Piper: Quarterly dividend expected to expand Apple’s shareholder base

“With a higher-than-expected 1.8 percent yield, Apple’s new $2.65 quarterly dividend is expected to expand its shareholder base to investors who previously passed on the stock because it did not pay out a dividend,” Neil Hughes reports for AppleInsider.

“Analyst Gene Munster with Piper Jaffray noted on Monday that Apple’s quarterly dividend represents an annual yield of about 1.8 percent, which is slightly higher than other big cap tech companies,” Hughes reports. “He believes most on Wall Street were expecting Apple to offer a dividend with an annual yield closer to 1.5 percent.

“‘While the dividend has been widely expected, we believe that the dividend will make AAPL viable to a broader base of shareholders,’ Munster wrote in a note to investors on Monday,” Hughes reports.

Read more in the full article here.


  1. So glad I own a bunch of Apple stock.
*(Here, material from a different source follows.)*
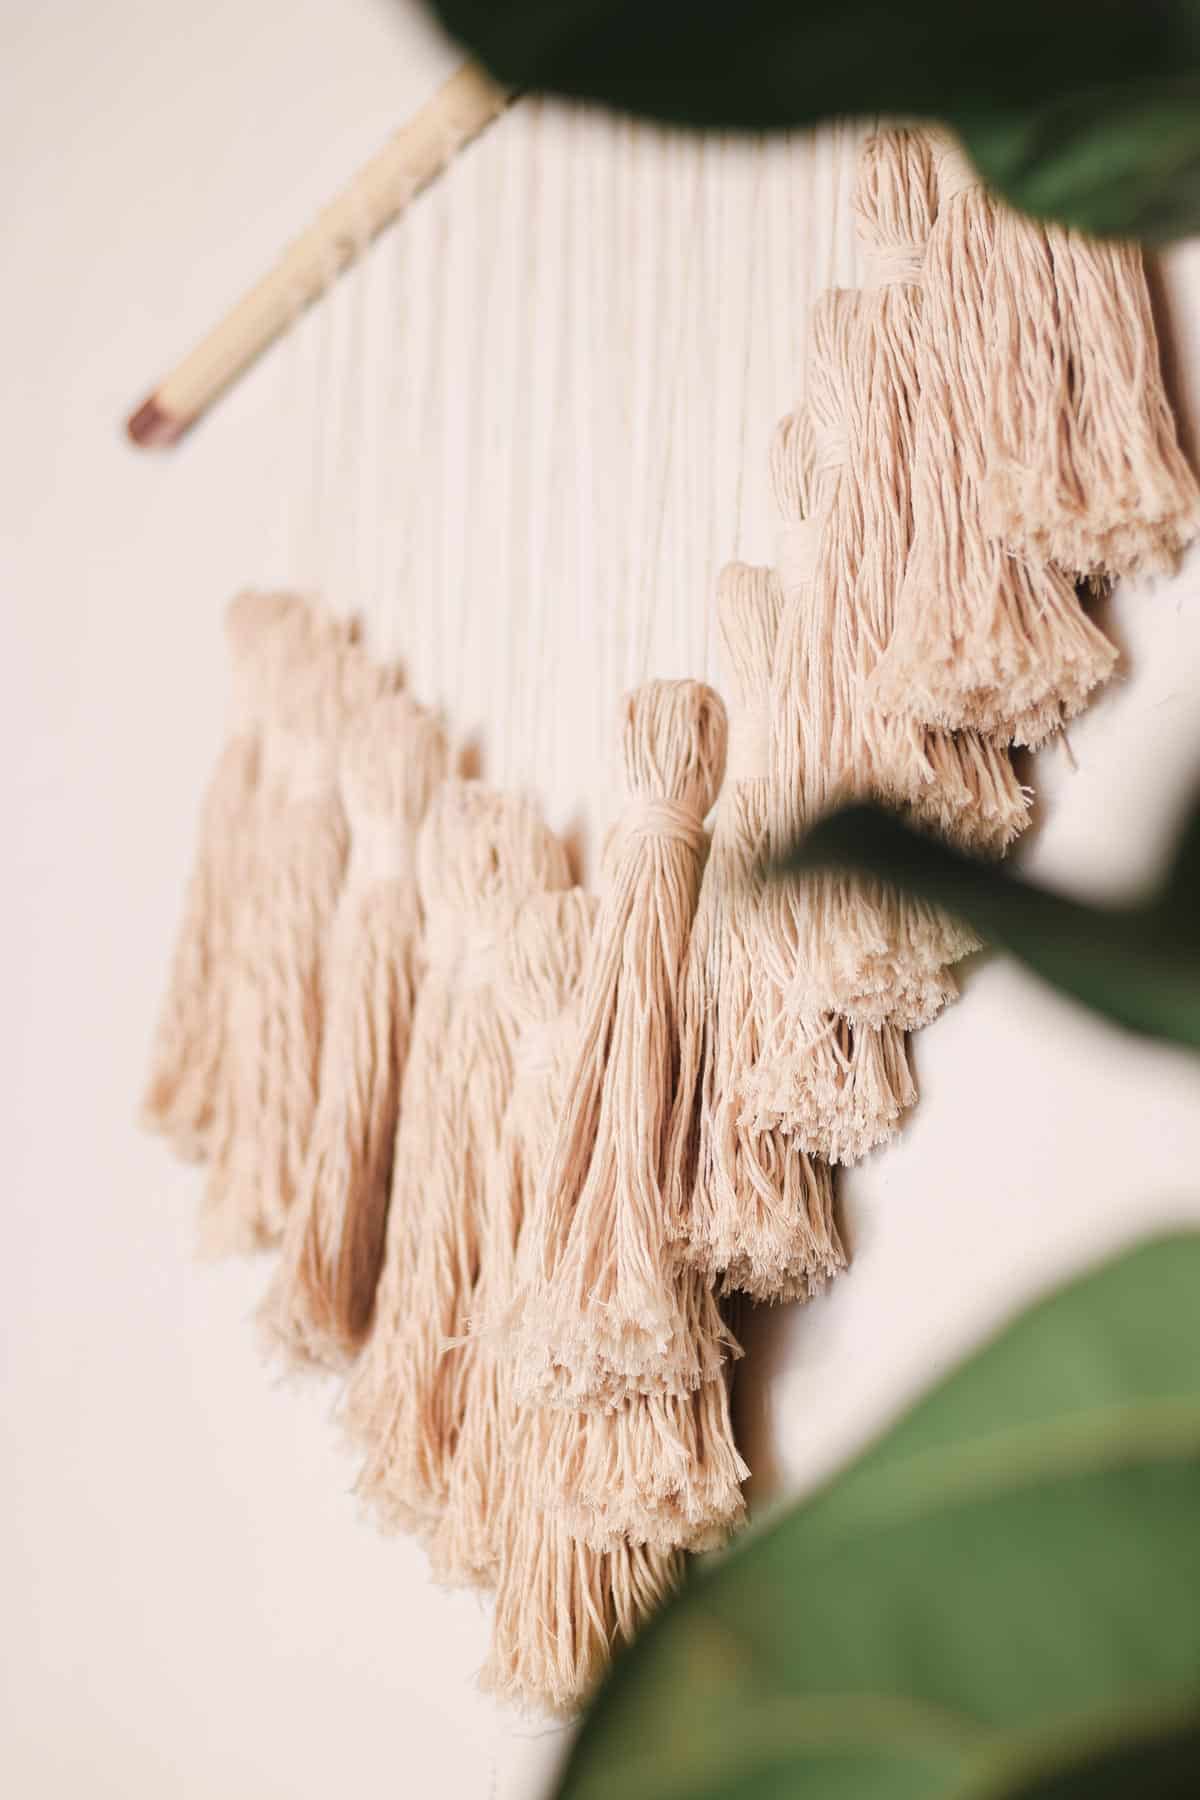 A cotton yarn wall hanging as seen through some bohemian plant leaves.

Not only is it growing but I get a dividend too? Hey I would have been fine with just stock going to 1000 a share but content with ever they decide to do.just maintain the war chest so you can continue your bitch slapping of the post pc crap suppliers out there. You have to give Mr Cook his big cash hoards to make the deals that drive our prices down. Kudos to the Cupertino Mob!

  2. Supply and Demand … declaring a dividend means that the funds that were previously shut out may be buying in. Fixed supply of shares (or smaller supply due to buyback) combined with higher demand = rising stock price. Hopefully, this will reduce some of the volatility of the stocks and drive the contrarian short sellers away …. all leading to a more
    steady, rising stock price.

    1. Fixed number of shares. The conference call was pretty clear that the purpose of the buyback is to stabilize the number of shares. They will only buy back whatever number of shares are awarded to employees. This will halt the slow growth in the number of outstanding shares and halt that growth’s slight drag on the EPS.